» INPUT DATA:
*** Begin section ***
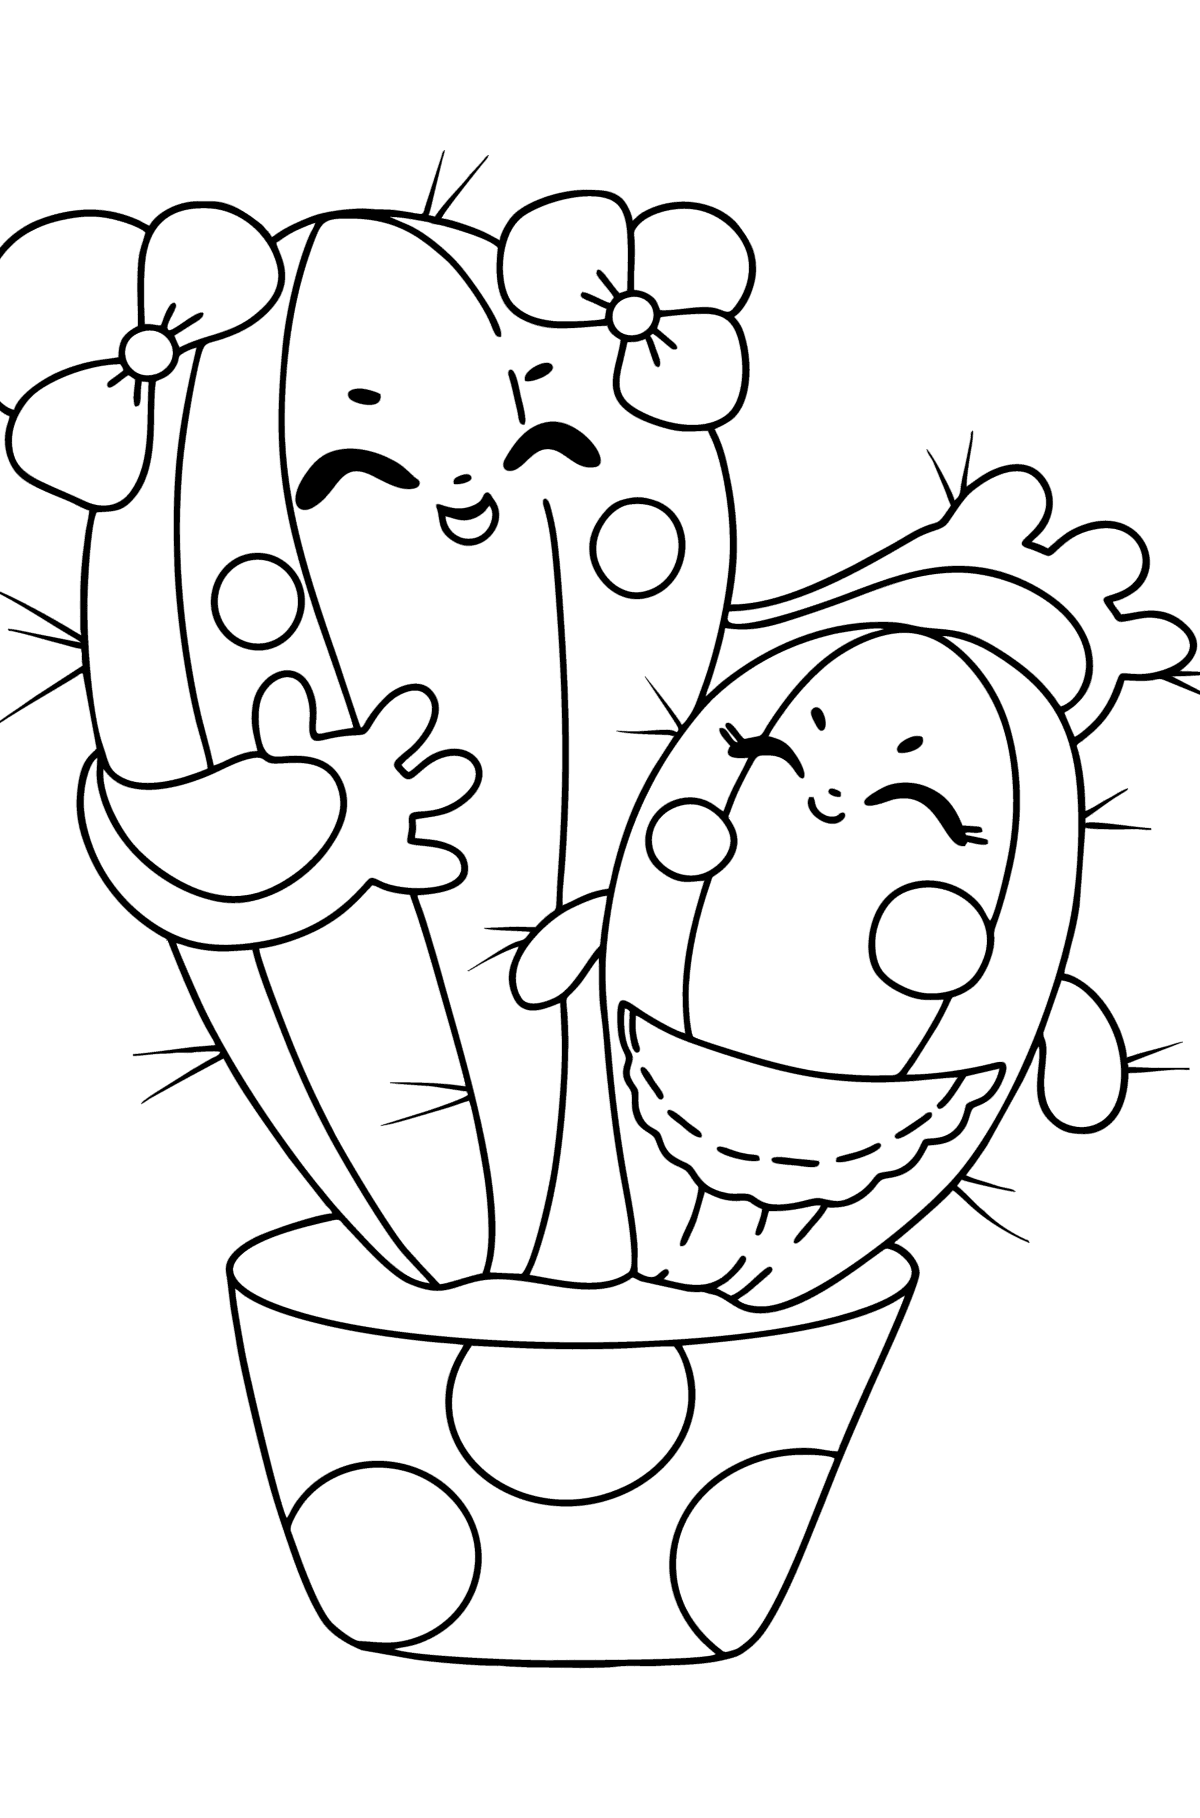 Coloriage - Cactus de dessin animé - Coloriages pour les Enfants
*** End section ***
*** Begin section ***
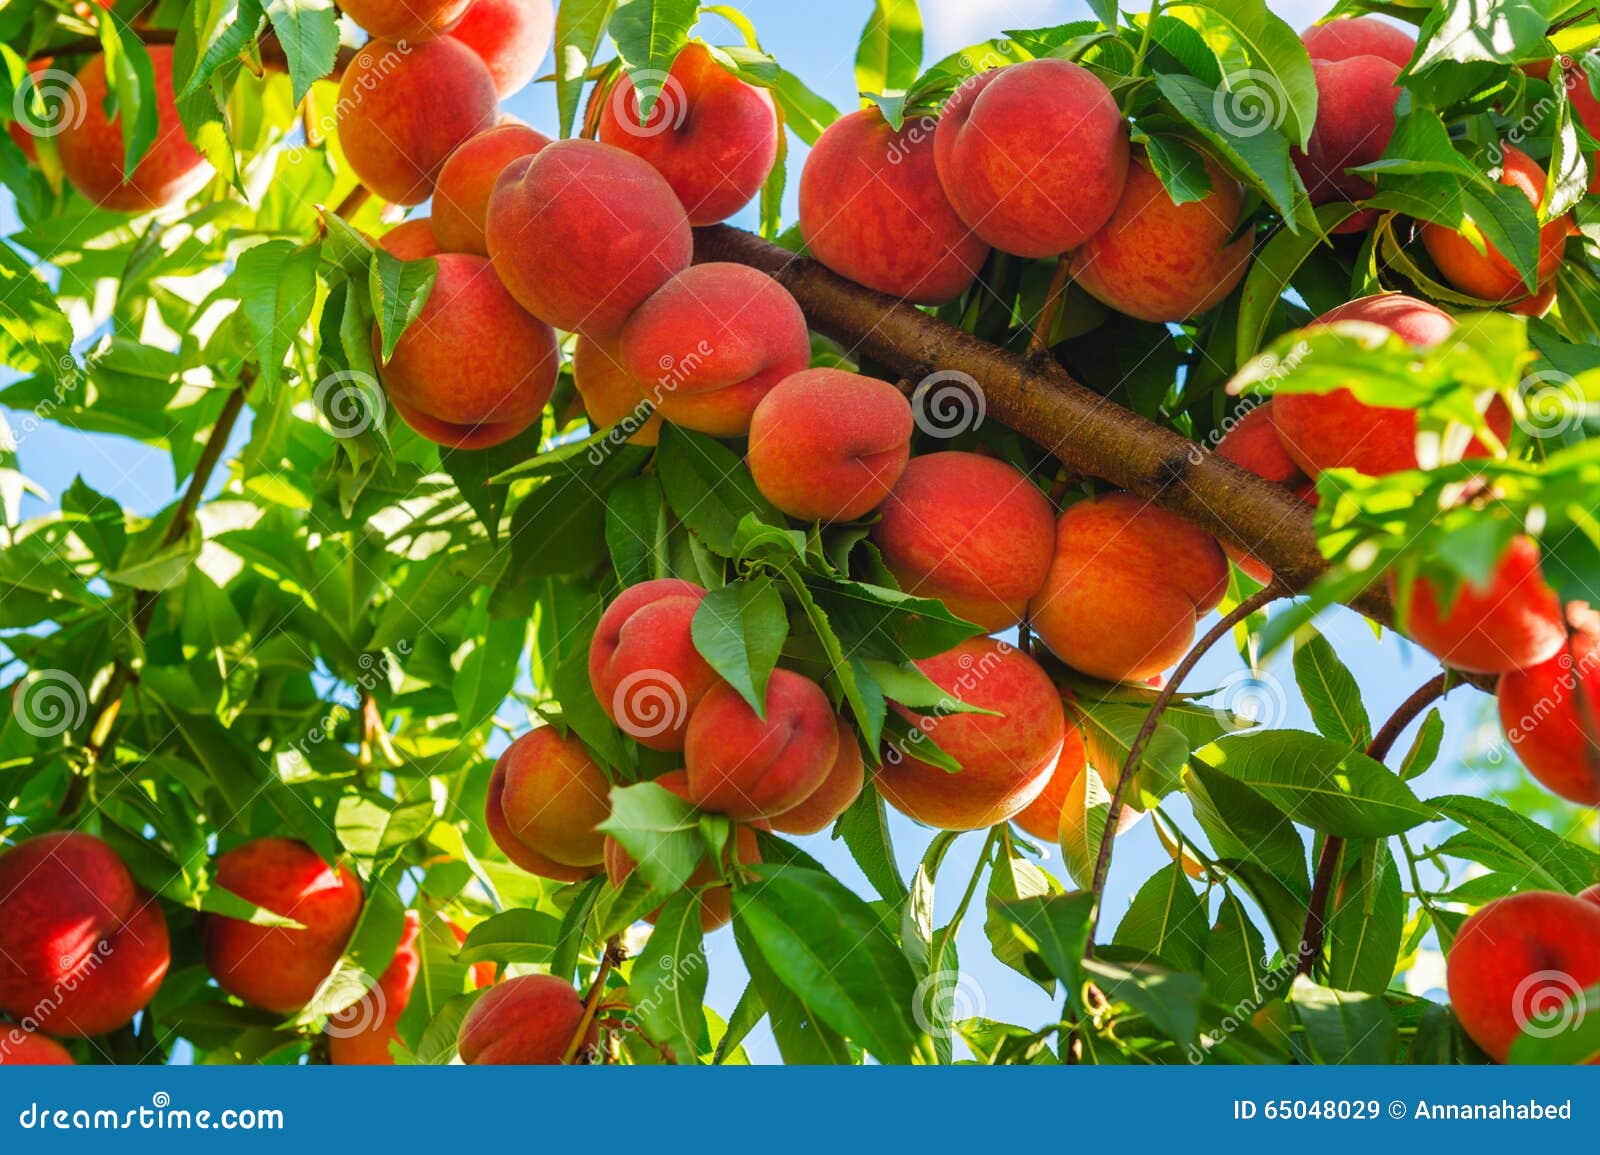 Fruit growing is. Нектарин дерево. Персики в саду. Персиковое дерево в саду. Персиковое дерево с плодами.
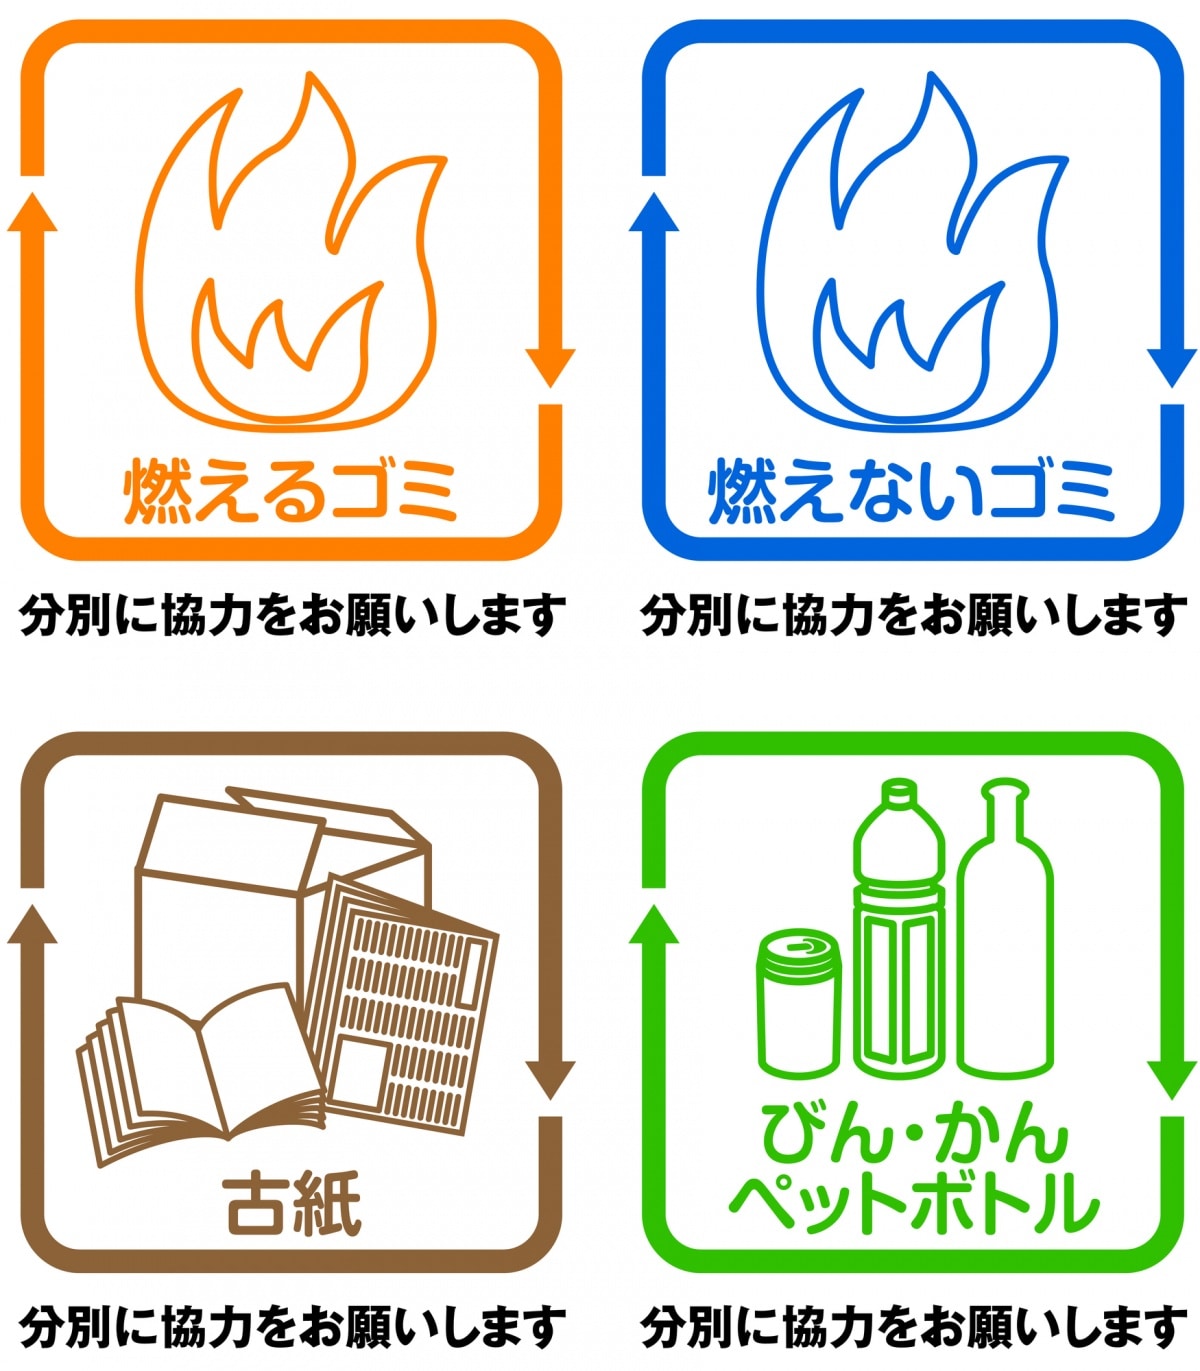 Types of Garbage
*** End section ***
» PROBLEM STATEMENT: All lines above from the one containing "Fruit growing is." up to and including the one containing "Types of Garbage" are to be set down exactly, and nothing else. Leave images out.

» WRITTEN RESPONSE:
 Fruit growing is. Нектарин дерево. Персики в саду. Персиковое дерево в саду. Персиковое дерево с плодами.
 Types of Garbage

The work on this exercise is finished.